PROBLEM TO SOLVE:
Below are records; the lines starting at the one with "Lotus plants growing in pond Stock Photo" and ending at the one with "Audi Sailing Week, 52" must be reproduced exactly, both included. Pictures must not appear.

EXTRACTED ENTRIES:
*** Block opens ***

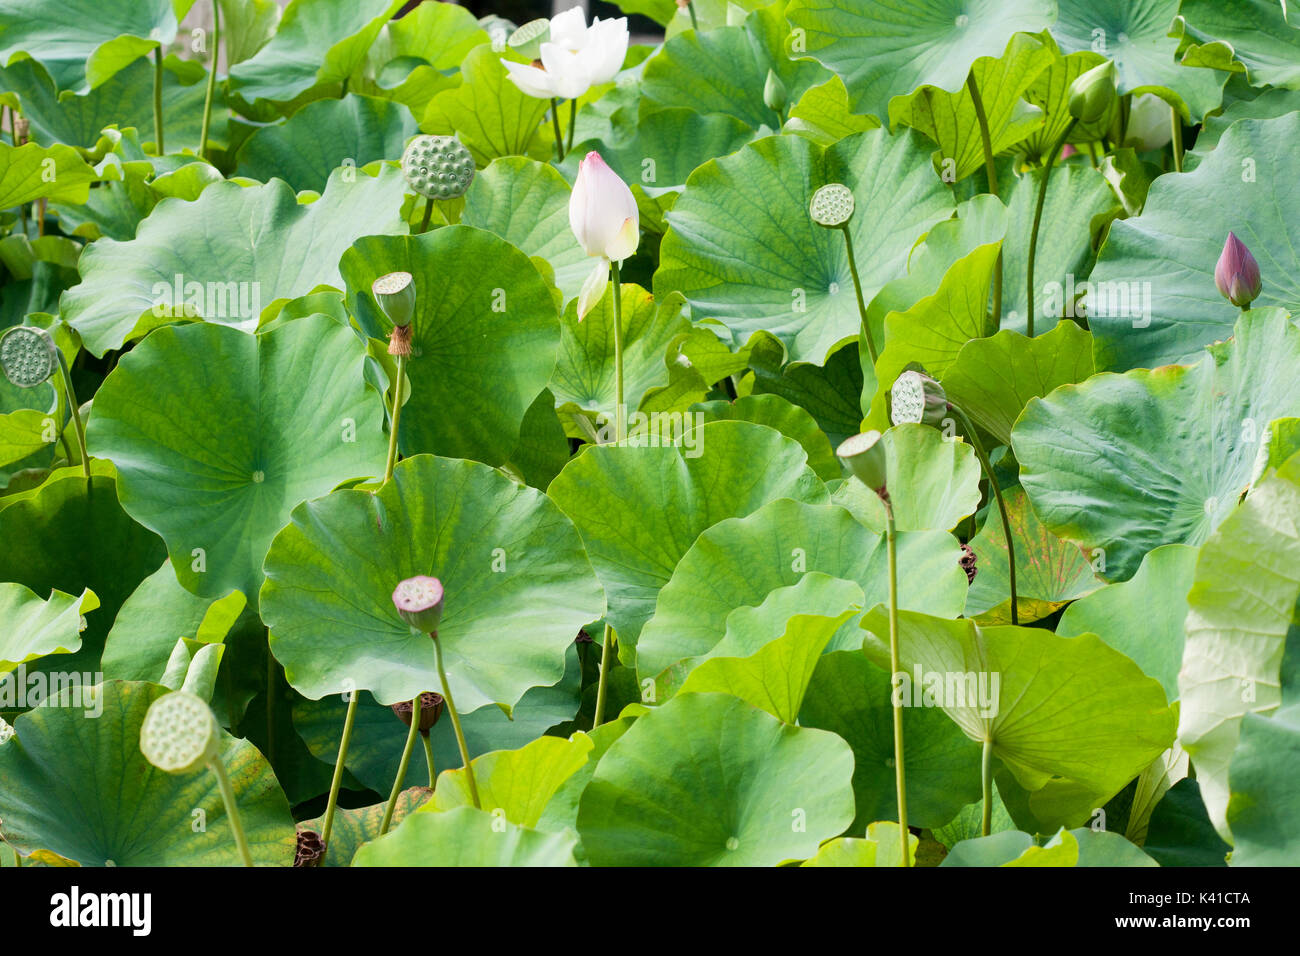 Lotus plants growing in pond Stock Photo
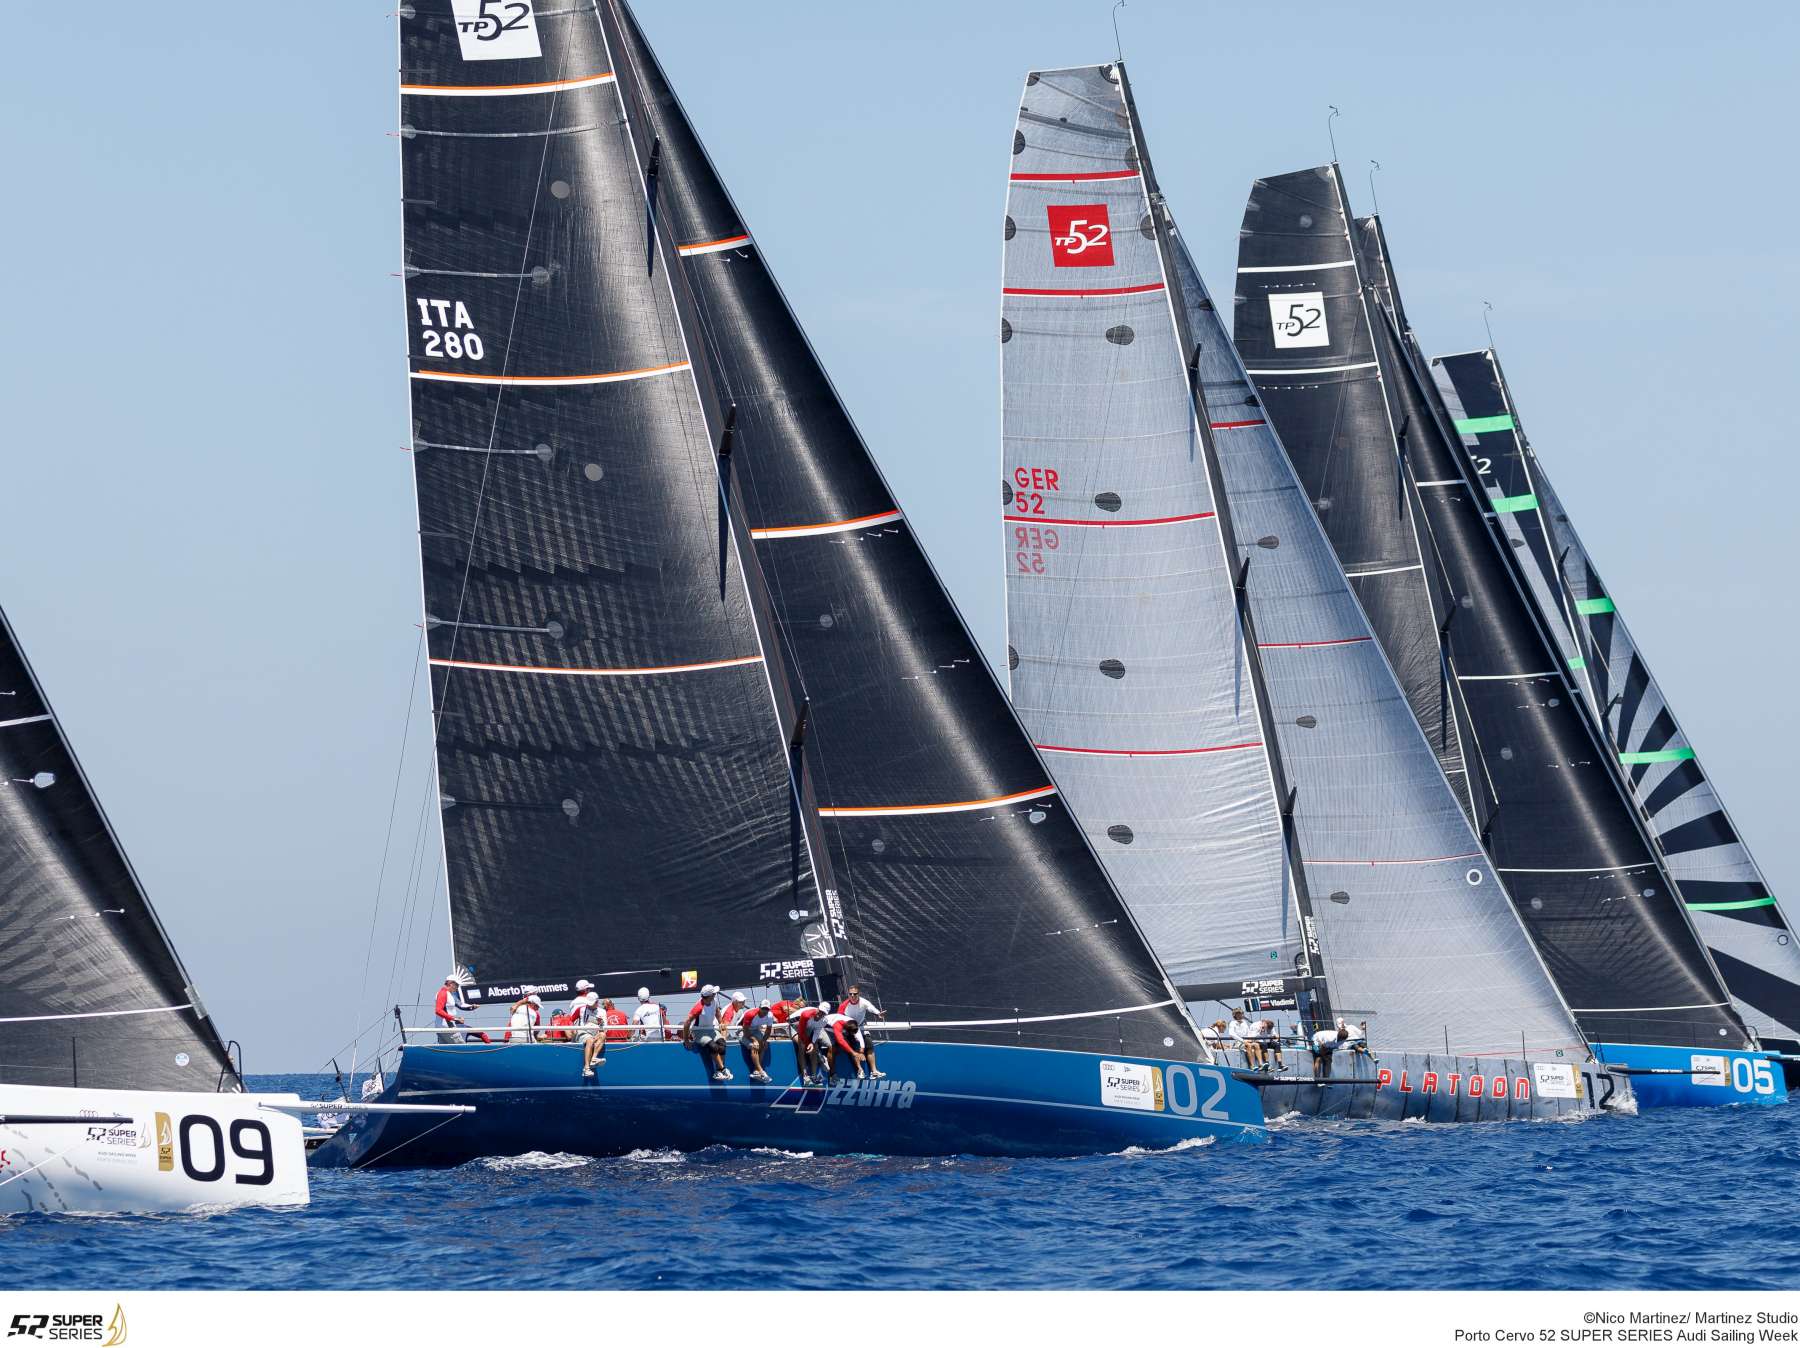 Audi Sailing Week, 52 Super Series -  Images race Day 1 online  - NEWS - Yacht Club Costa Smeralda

*** Block closes ***
*** Block opens ***

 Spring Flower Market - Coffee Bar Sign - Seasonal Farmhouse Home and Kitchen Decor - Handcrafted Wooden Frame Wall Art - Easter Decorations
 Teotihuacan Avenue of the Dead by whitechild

*** Block closes ***
*** Block opens ***

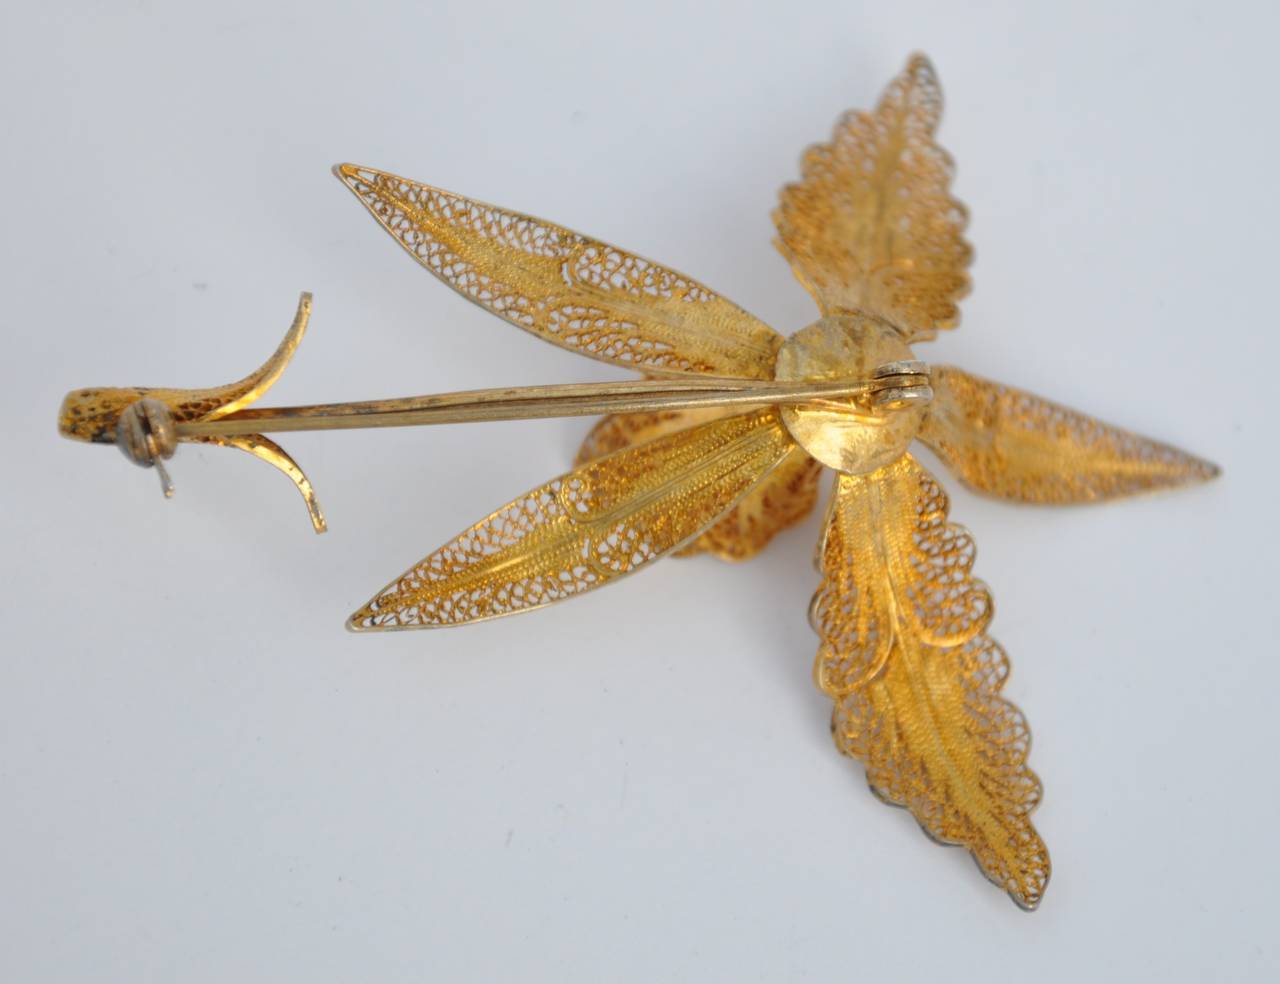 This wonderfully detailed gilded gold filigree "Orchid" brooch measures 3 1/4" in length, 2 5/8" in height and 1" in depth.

*** Block closes ***

ANSWER TO THIS TASK:
 Lotus plants growing in pond Stock Photo
 Audi Sailing Week, 52 Super Series -  Images race Day 1 online  - NEWS - Yacht Club Costa Smeralda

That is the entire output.